1.1 RunnableParallel for Multiple Contexts

One of LCEL's capabilities is parallel composition: you can retrieve contexts from different sources in parallel and combine them before passing to the LLM.

RunnableParallel: Retrieval from Multiple Sources


from langchain_core.runnables import RunnableParallel

# Two different retrievers: technical docs and FAQ
tech_retriever = tech_vectorstore.as_retriever(search_kwargs={"k": 3})
faq_retriever = faq_vectorstore.as_retriever(search_kwargs={"k": 2})

# Pipeline with parallel retrieval
multi_source_chain = (
    RunnableParallel(
        tech_context=tech_retriever | format_docs,
        faq_context=faq_retriever | format_docs,
        question=RunnablePassthrough()
    )
    | ChatPromptTemplate.from_template("""
    Question: {question}

    Technical Documentation:
    {tech_context}

    FAQ:
    {faq_context}

    Answer based on both sources:""")
    | llm
    | StrOutputParser()
)

answer = multi_source_chain.invoke("How do I configure authentication?")

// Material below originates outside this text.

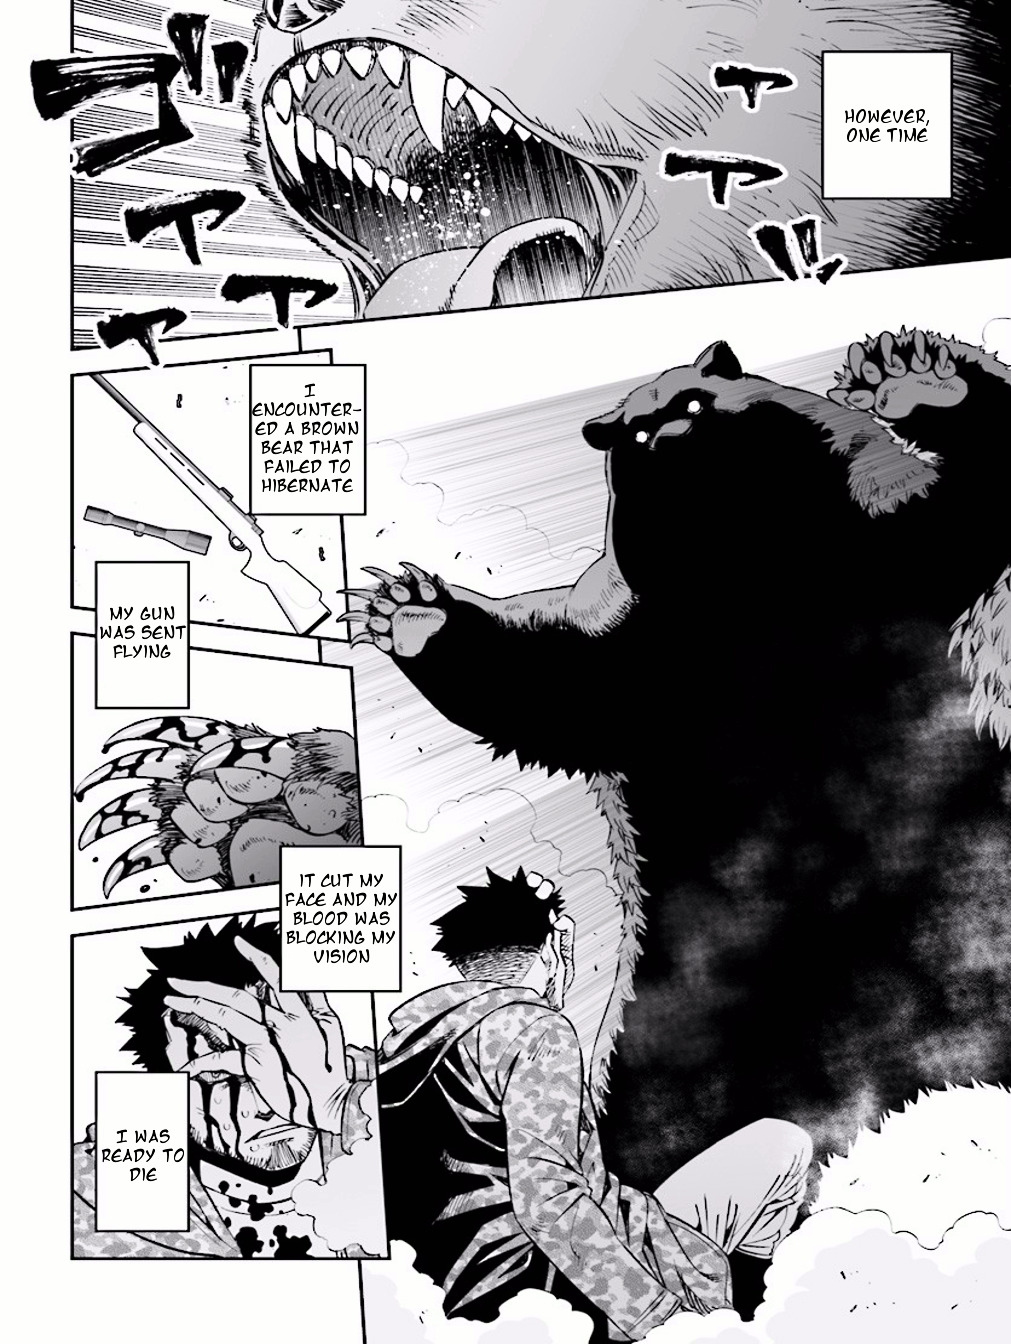 12 Beast - Page 2
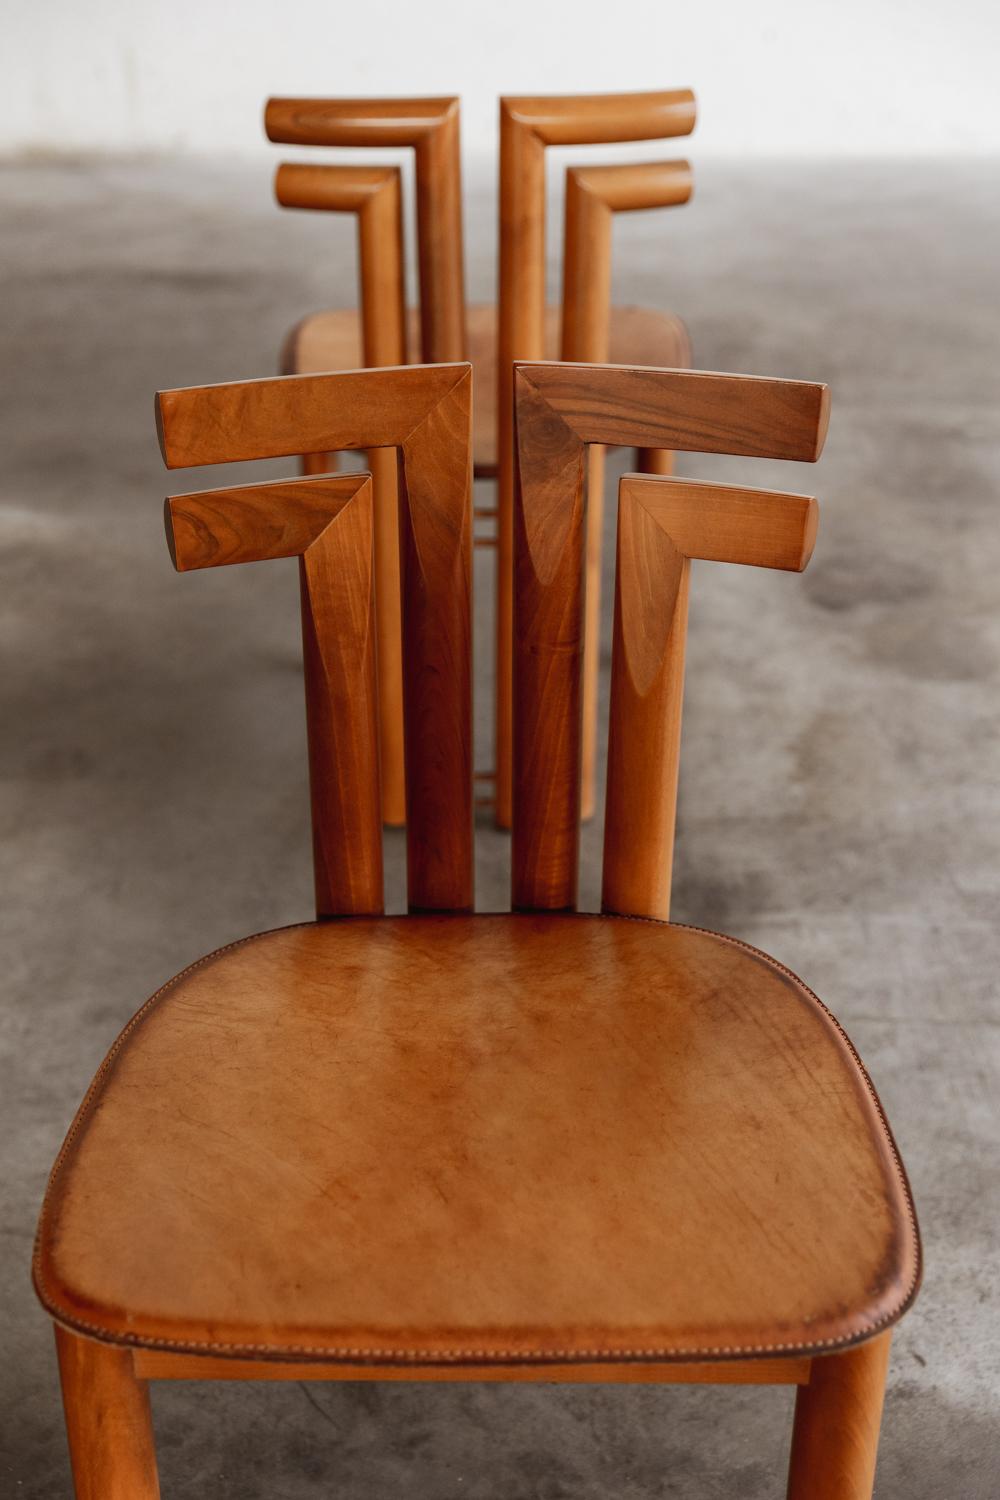 Mario Marenco “Sapporo” Dining Chairs for Mobil Girgi, 1970, set of 4 In Good Condition For Sale In Lonigo, Veneto

2. Complete Base RAG Pipeline

Before tackling advanced patterns, let us build a complete and robust RAG pipeline with LangChain: from document ingestion to retrieval to answer generation.

Complete RAG Pipeline with LangChain


from langchain_community.document_loaders import (
    PyPDFLoader, TextLoader, DirectoryLoader
)
from langchain.text_splitter import RecursiveCharacterTextSplitter
from langchain_openai import OpenAIEmbeddings, ChatOpenAI
from langchain_qdrant import QdrantVectorStore
from langchain_core.prompts import ChatPromptTemplate
from langchain_core.output_parsers import StrOutputParser
from langchain_core.runnables import RunnablePassthrough
from typing import List
import logging

logger = logging.getLogger(__name__)


class LangChainRAGSystem:
    """Complete RAG system with LangChain"""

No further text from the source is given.